What I don't have is the proper skills to deal with them, and this is where I struggle. This I'm working on - it's hard - put yourself in my "exact" shoes with everything you know - it's not that easy.

But thanks - I will check it out.


----------



## Deejo (May 20, 2008)

MarriedWifeInLove said:


> The trick or key for me, is determining WHAT he can own and what he can't own and that's where I have a disconnect and find it difficult to ascertain.


I think this is the crux of the matter. What he can and can't own, may never be 'static' enough for you to be able to count on, and I don't blame him either.
Still comes down to what is going to work for you - and the problem is, you can't bank on what works one day, working the same the next.


----------



## AFEH (May 18, 2010)

MarriedWifeInLove said:


> Come on AFEH, you think I'm not living in reality?
> 
> Trust me - I am - but my reality is a bit skewed with ALL the factors involved.
> 
> ...


Well I’m here to tell you you don’t “know”. You think you do, but you don’t. I know you haven’t got it by your response.

I recommended that book on Awareness for a specific reason. But you wont know the reason until you buy it and read it!

You haven’t even got your foot on the first step of the ladder! Why? Because you are fighting the heck out of Acceptance!!! Read the book and you’ll get it. You will have the Epiphany moment, Light Bulb moments that you are seeking and really need!

Look. Your H has PTSD. Some get out of it, some don’t. Those that don’t become “Victims”. They make themselves Victims. YES. They make themselves Victims! Your H has a very well tuned “Victim Mentality”. Research the term.

And buy another book! “Emotional Intelligence” by Daniel Goleman. It’s a best selling ground breaking book. And guess what, it has a whole chapter on PTSD! The Emotional side of it.

Bob


----------



## Jamison (Feb 10, 2011)

I understand he has medical issues in which there are a few things he can't help. 

However, he comes across on some things as a game player. Its like a game. Things are good, then they are not, based on what he said, what he didn't say, what he did what he didn't do, how you reacted or how you didn't react etc. I'm sure its very frustrating, to not know how to act or react sometimes. I still say there are many things he can help and those things are what seems like a game. What I mean by game is, I do think SOMETIMES he does things or doesn't do things, says things or doesn't say things to get a rise out of you, to confuse you and throw you a curve ball. WHY? I dunno after all he has mental/medical issues. 

I do think you have and will continue to learn ways on how to deal with things etc, him I'm not so sure.


----------



## trey69 (Dec 29, 2010)

The things he can help, I'm not sure you will ever really know. I think you might spend a good part of the rest of your marriage trying to figure that out. I'm not saying there is anything wrong with that, just that I doubt you will ever really know, unless he decides to tell you or decides to stop playing the victim role.


----------



## MarriedWifeInLove (May 28, 2010)

trey69 said:


> The things he can help, I'm not sure you will ever really know. I think you might spend a good part of the rest of your marriage trying to figure that out. I'm not saying there is anything wrong with that, just that I doubt you will ever really know, unless he decides to tell you or decides to stop playing the victim role.


He doesn't realize it - but he has made himself a VICTIM out of what's happened.

It's probably why he's so self-focused - because he feels sorry for himself and so everyone else needs to also.

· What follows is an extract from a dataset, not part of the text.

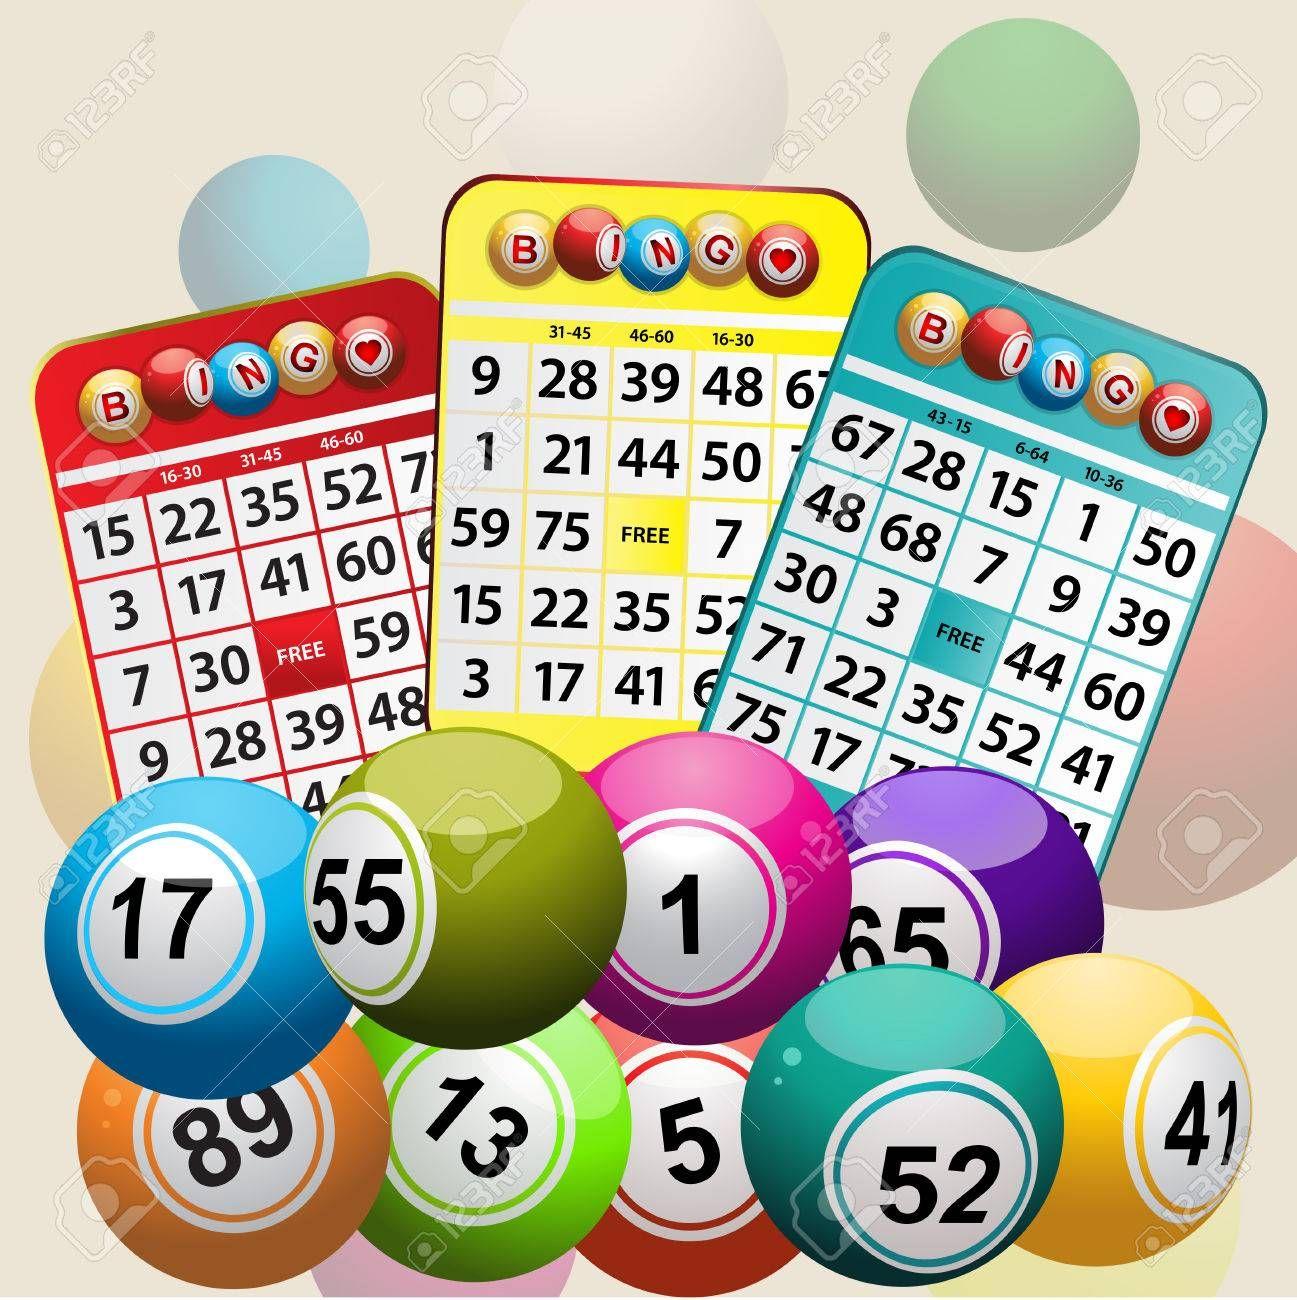 Set Of Bingo Cards And Bingo Balls Background Illustration Ad Cards Bingo Set Illustration Background Bingo Cards Bingo Cards
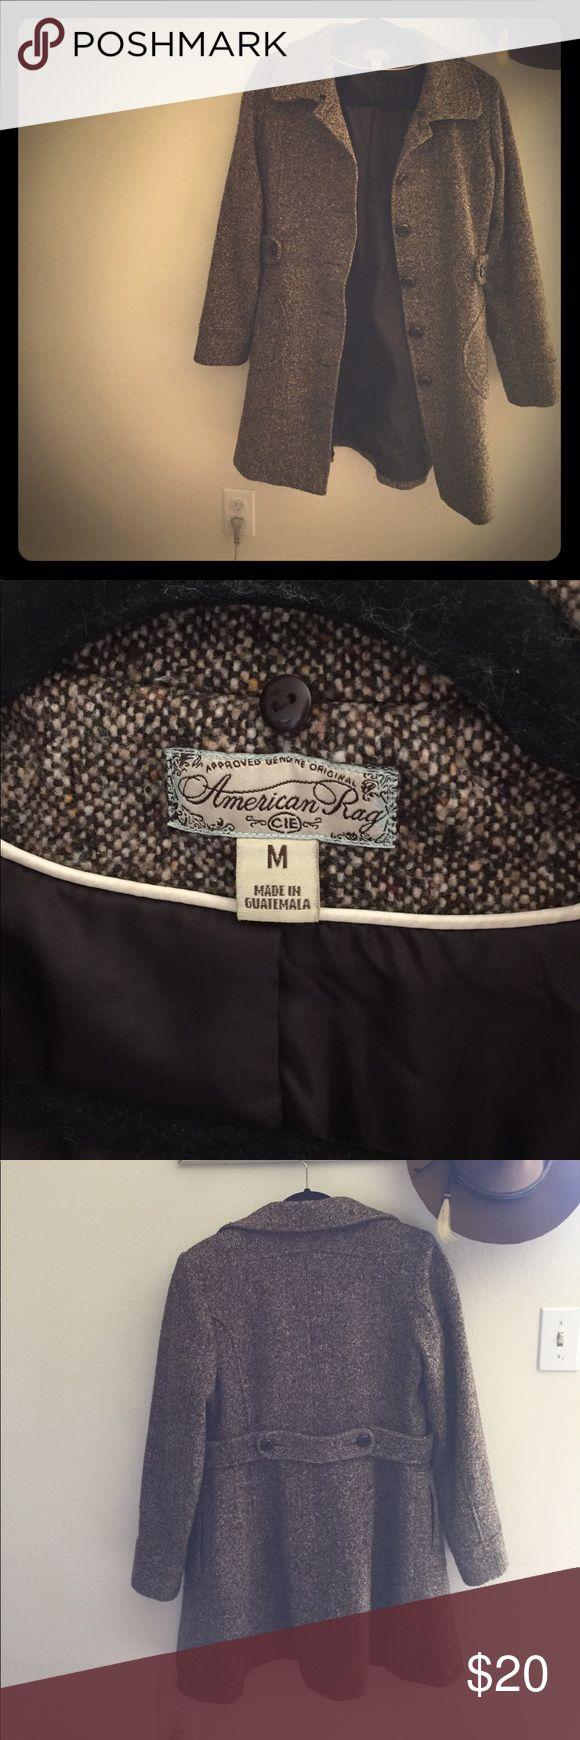 American Rag tweed coat American Rag tweed winter coat size M! Good condition. Just too big for me now. American Rag Jackets & Coats Pea Coats

I hear ya - I just don't know what I'm going to do about it (yet).

Thanks.


----------



## MarriedWifeInLove (May 28, 2010)

Jamison said:


> I understand he has medical issues in which there are a few things he can't help.
> 
> However, he comes across on some things as a game player. Its like a game. Things are good, then they are not, based on what he said, what he didn't say, what he did what he didn't do, how you reacted or how you didn't react etc. I'm sure its very frustrating, to not know how to act or react sometimes. I still say there are many things he can help and those things are what seems like a game. What I mean by game is, I do think SOMETIMES he does things or doesn't do things, says things or doesn't say things to get a rise out of you, to confuse you and throw you a curve ball. WHY? I dunno after all he has mental/medical issues.
> 
> I do think you have and will continue to learn ways on how to deal with things etc, him I'm not so sure.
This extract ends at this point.